Officials fear legal protection for Filipinos abroad could lead employers to look elsewhere for workers.
Philippines' new law may harm jobs for migrants
Nasser Munder, the Filipino labour attache in Abu Dhabi, is among those concerned about the impact of the mandatory insurance coverage, which in the UAE translates to US$72 (Dh264) per worker, or $144 for a two-year contract.
Officials worry it could lead to a reduction in the deployment of overseas Filipino workers (OFWs), as employers choose to hire from other countries that have not imposed the same requirements.
"I have yet to see the overall deployment figures by the end of the first quarter to determine if there has indeed been a decline," Mr Munder said.
The insurance requirement, part of the Filipino Migrant Workers Act, was introduced by the Philippine government and took effect on November 8 last year. Weeks later, Jennifer Manalili, the-then administrator of the Philippine Overseas Employment Administration (POEA) in Manila, said she had seen a 52 per cent drop in the processing of OFW contracts.
Overall, the number of Filipinos hired abroad last year fell by three per cent, which the new POEA administrator attributed to changes in the new act, including the insurance coverage requirement.
Carlos Cao Jr told The Philippine Star in Manila on January 28 that his government foresaw up to a six per cent drop in overseas deployment this year with the strict implementation of the new law.
The act applies to all categories of OFWs who are hired by agencies and who are leaving the country for the first time.
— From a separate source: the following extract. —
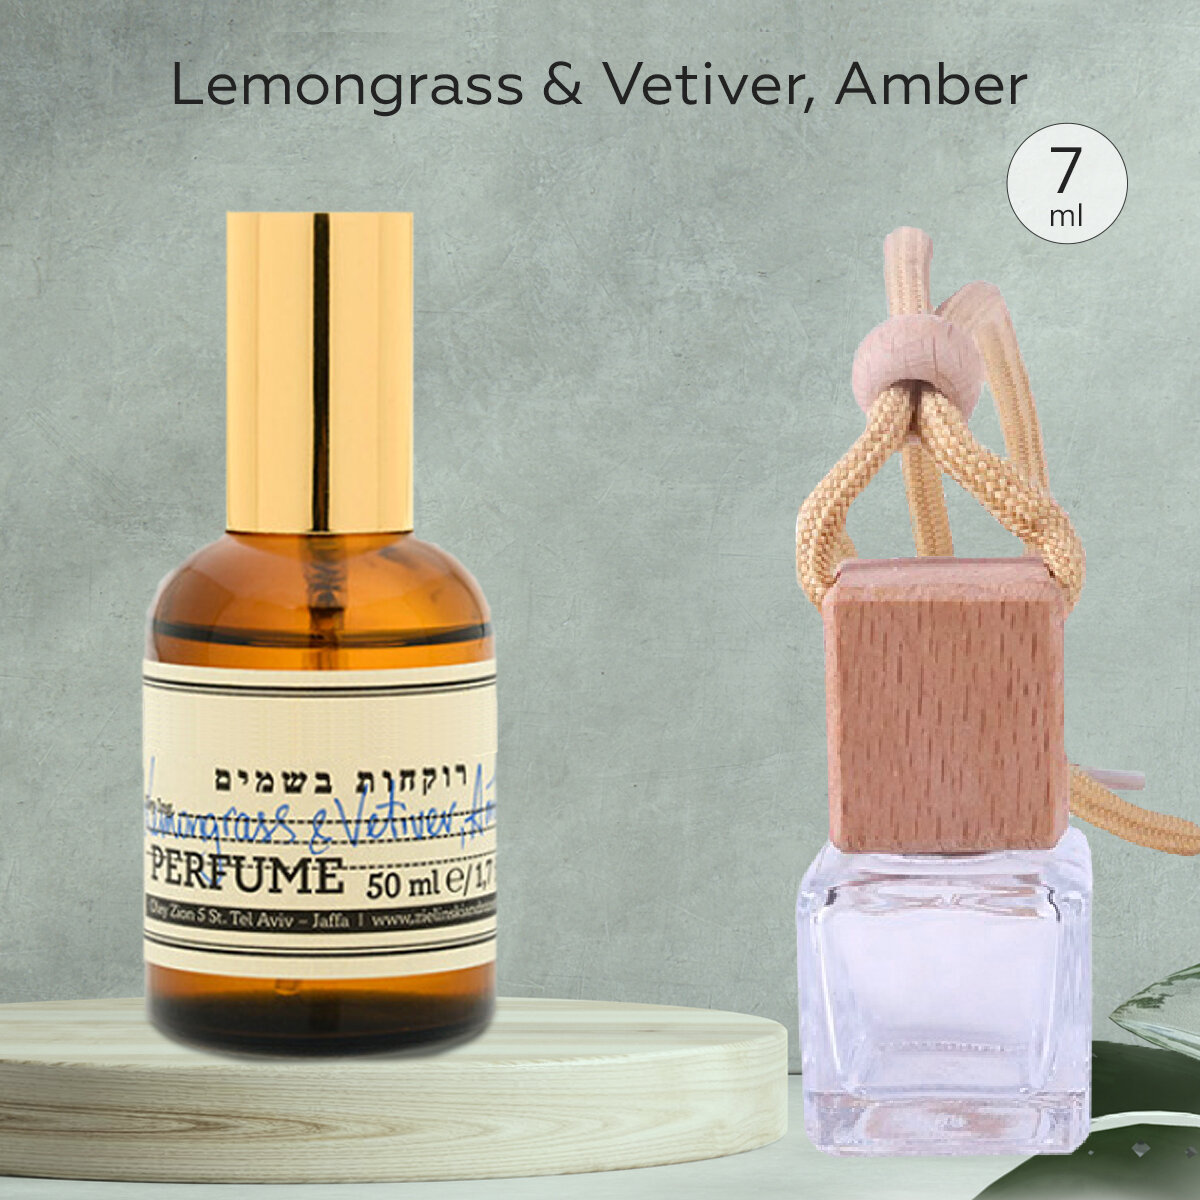 Gratus Parfum Lemongrass & Vetiver, Amber Автопарфюм 7 мл / Ароматизатор для автомобиля и дома
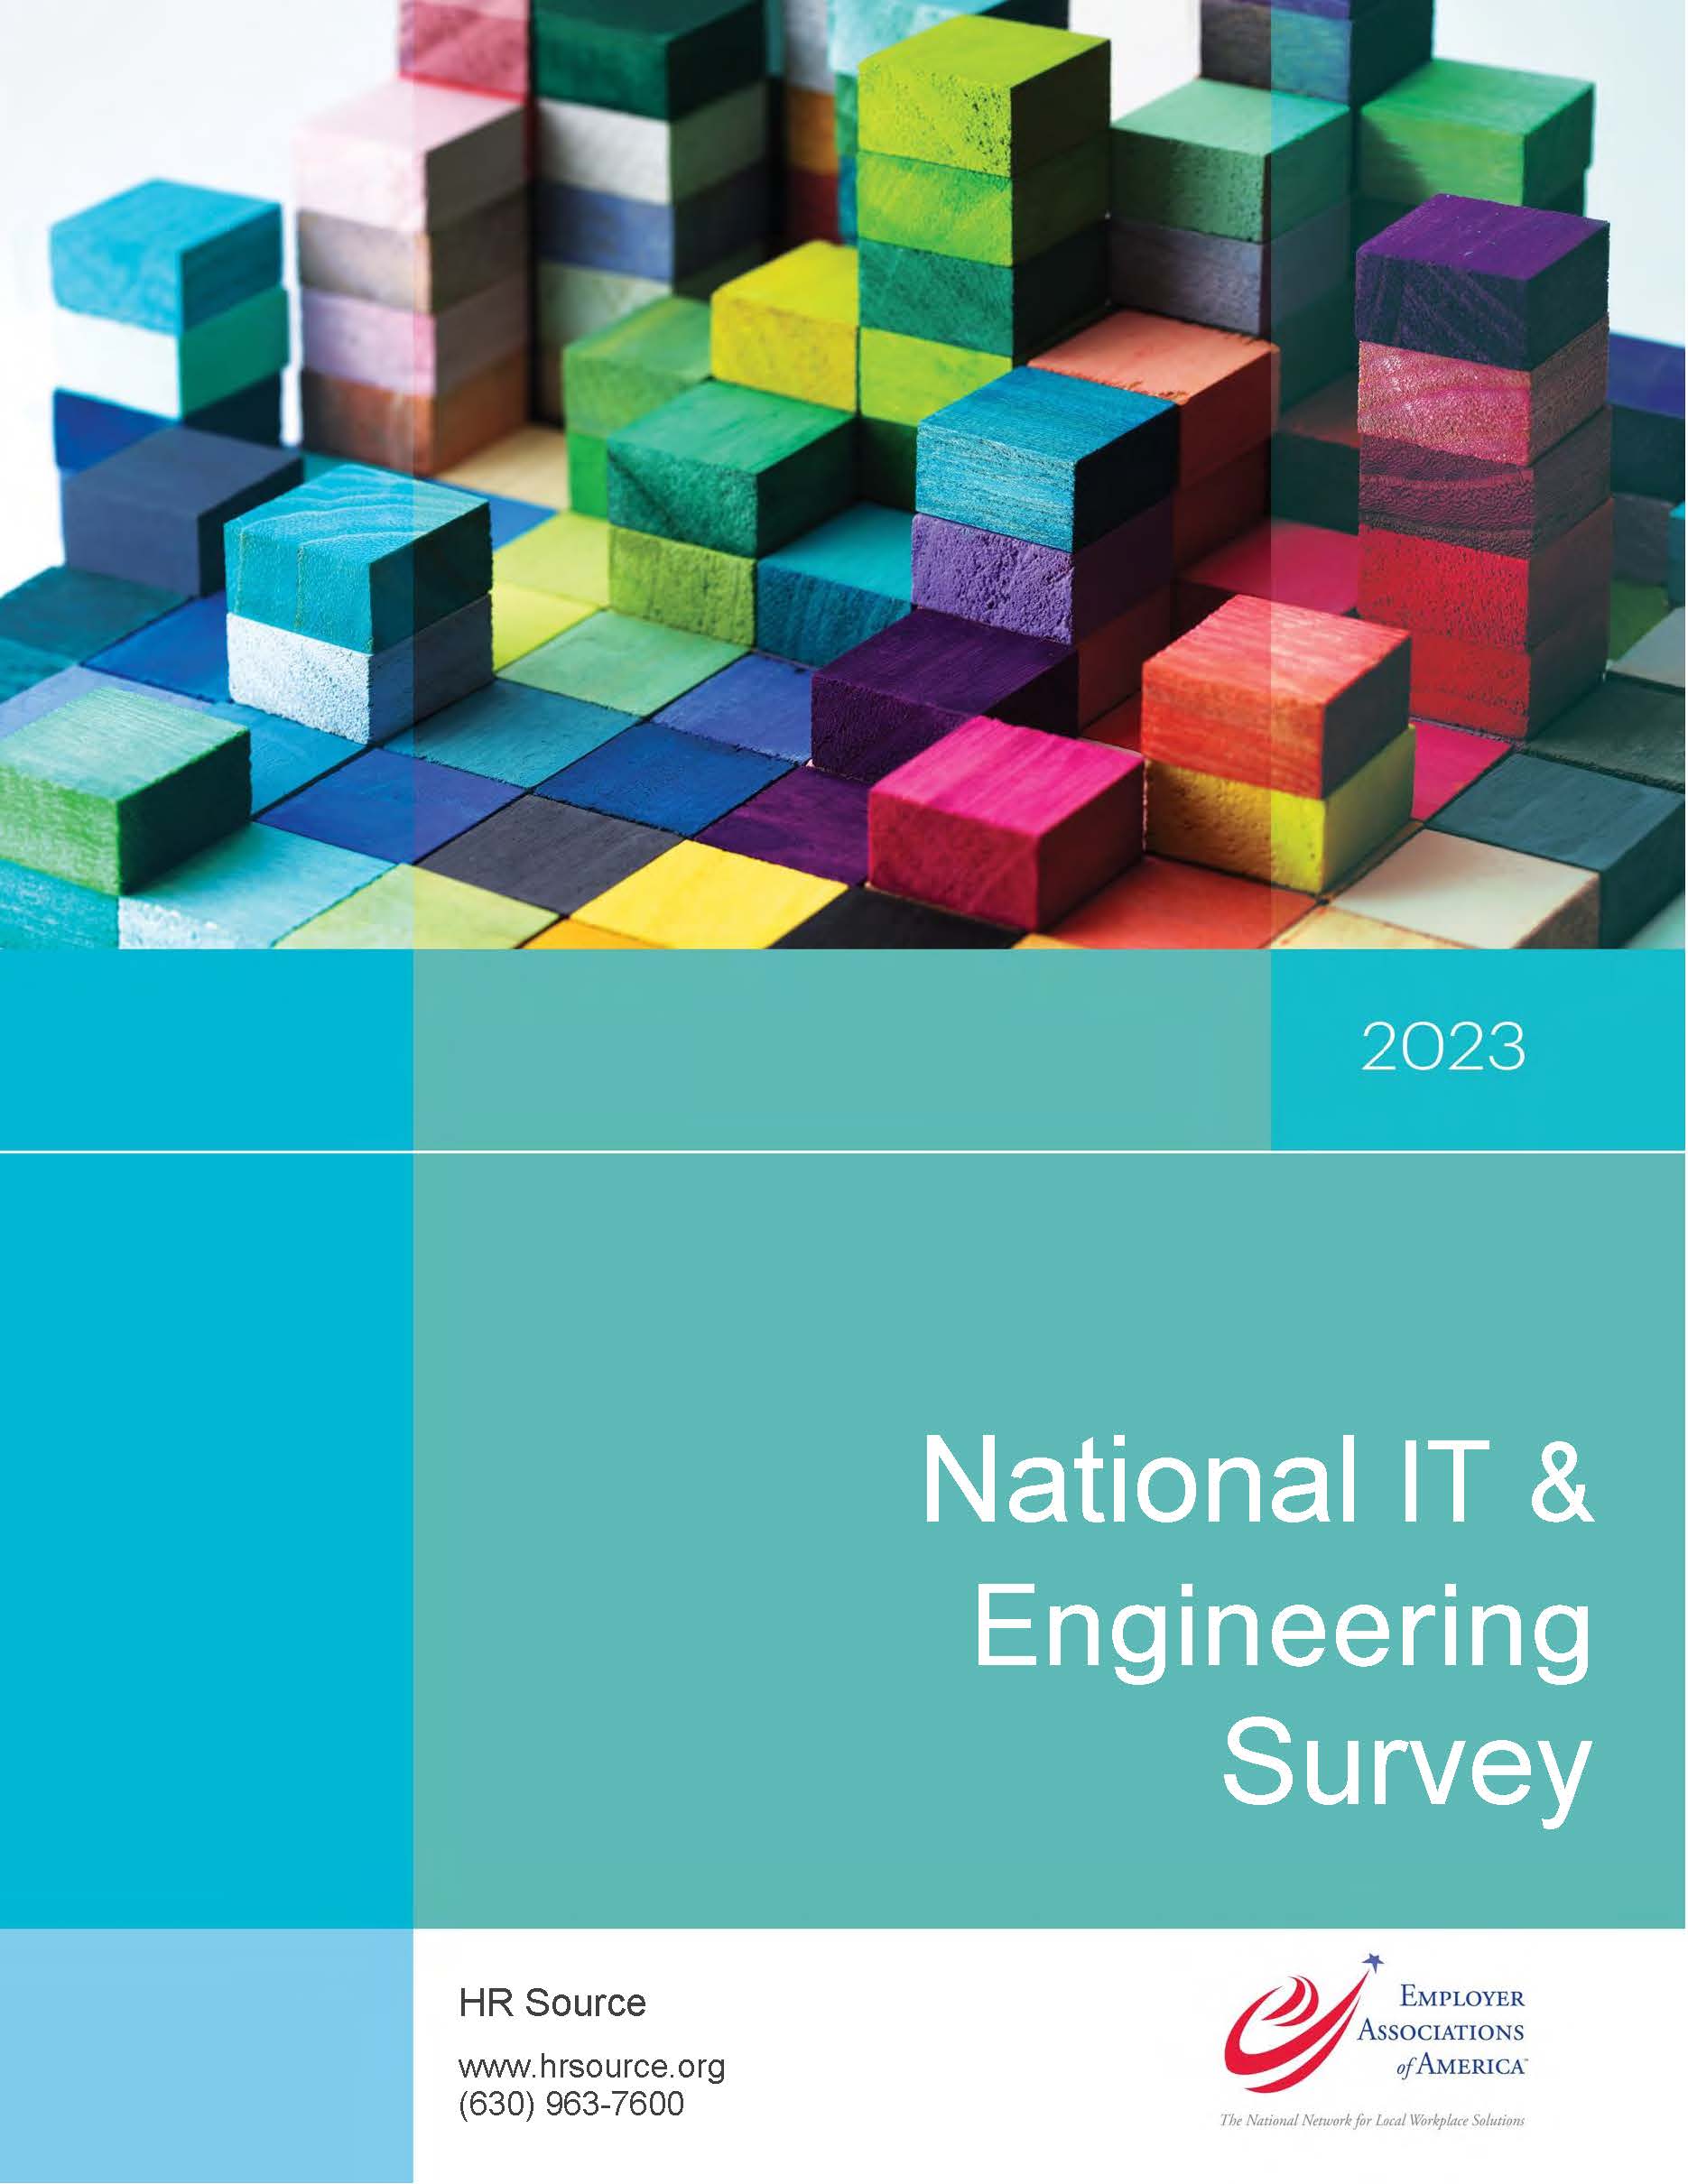 National IT & Engineering Survey 2023

It also applies to workers hired with new contracts by agencies. The insurance policy covers natural and accidental death and permanent disability, repatriation costs, medical repatriation and three months' salary for every year of the migrant worker's contract for cash claims that arise from the employer's liability, among other benefits.
However, recruiters say employers in the GCC, including the UAE, already secure insurance coverage for their foreign workers, making the Philippine government's new policy redundant.
Victor Fernandez Jr, the president of the Philippine Association of Service Exporters, which represents 700 licensed recruitment agencies, said the group was not against insurance coverage for Filipinos they sent abroad.
However, the Philippine government should consider lowering the cost of the premium because the group considers it "a rip-off, outrageous, and exorbitant", he said.
In recent months, Mr Munder's office has been receiving enquiries from companies in the UAE wondering why they had to pay the insurance premium "when they already provide life insurance to their staff".
Mr Munder said he referred all the enquiries, including one from a large medical group, to the POEA in Manila.
"This is a relatively new law," he said. "We'll just have to comply with it unless the government decides to revoke or amend it."
Of particular interest will be the outcome of ongoing talks between Manila's labour department and the Philippine vice-president Jejomar Binay, who is also the presidential adviser for OFW concerns, Mr Munder said.
Walden Bello, the chairman of the Philippine Congress's Committee on Overseas Workers Affairs, said reactions of OFWs in Saudi Arabia suggested that the mandatory insurance provision of the new law "might bring more costs than benefits, making its possible amendment something to consider seriously".
In a report that was released in Manila last week after his recent fact-finding mission to Saudi Arabia, Mr Bello wrote: "One of the biggest worries was that the recruitment agencies and employers would find ways to impose the added costs of mandatory insurance on the worker."